Many graphic design colleges instruct their graduating students on the appropriate content, outline, and presentation for their portfolios as they prepare to enter the market. This is great! This is important! But, it’s not all you need. With equal attention to detail, recall your academic and work experiences and attack your professional resume.
Every Little Detail
Just as graphic design schools weed out applicants by reviewing their stats, an employer typically scans your resume before opening your portfolio. The last thing you want to do is ruin your chances with a typo or an overlooked design flaw. Let’s start with the paper. Choose something that fits your personality, but nothing over the top. Typically a white or cream color on a thicker stock can help distinguish your resume from the others.
Next, as you detail your history, remember that you are applying for a graphic design position. This is a chance to showcase your talents! Use a more advanced program than Word for composing your resume, and play with the format and fonts.

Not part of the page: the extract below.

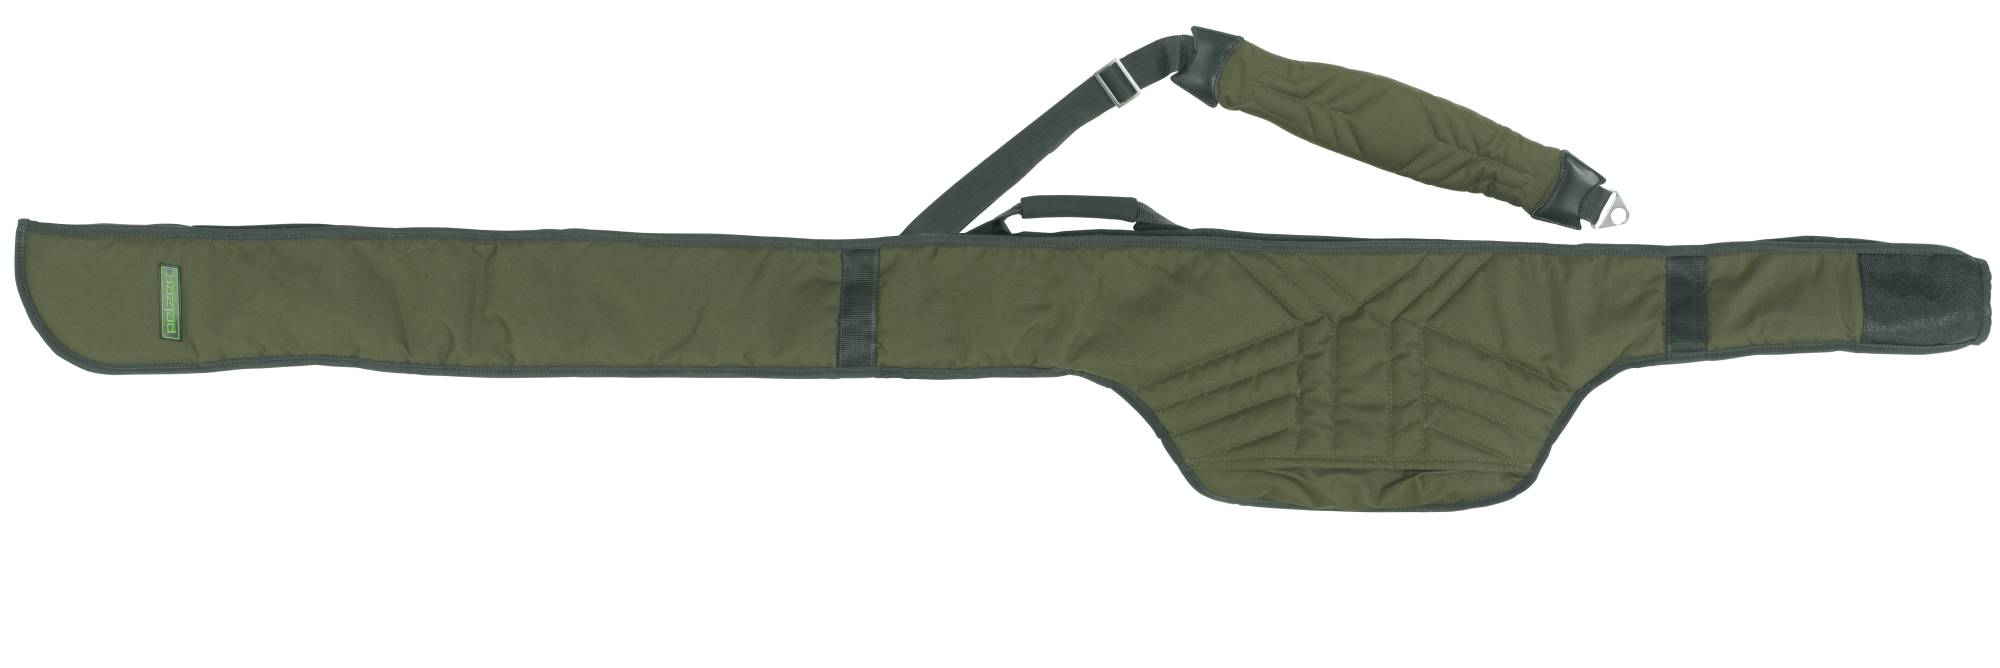 Pelzer/Executive Double Rod Sleeve 12

Aside from your name and contact information, include the following in your resume:
- Education information
- Work experience
- Software skills
- Awards and publications
There are a few bits of personal information to avoid including. Most employers are not impressed by the general “objective.” This often answers a question they would rather ask you in person, and simply seems hokey. Also, avoid listing interests or experiences that are not relevant to design. Employers often see this as filler, not substance.
Creating a stand-out portfolio is essential to increasing your job options. Just don’t forget that piece of paper that tells future employers who’s behind the work.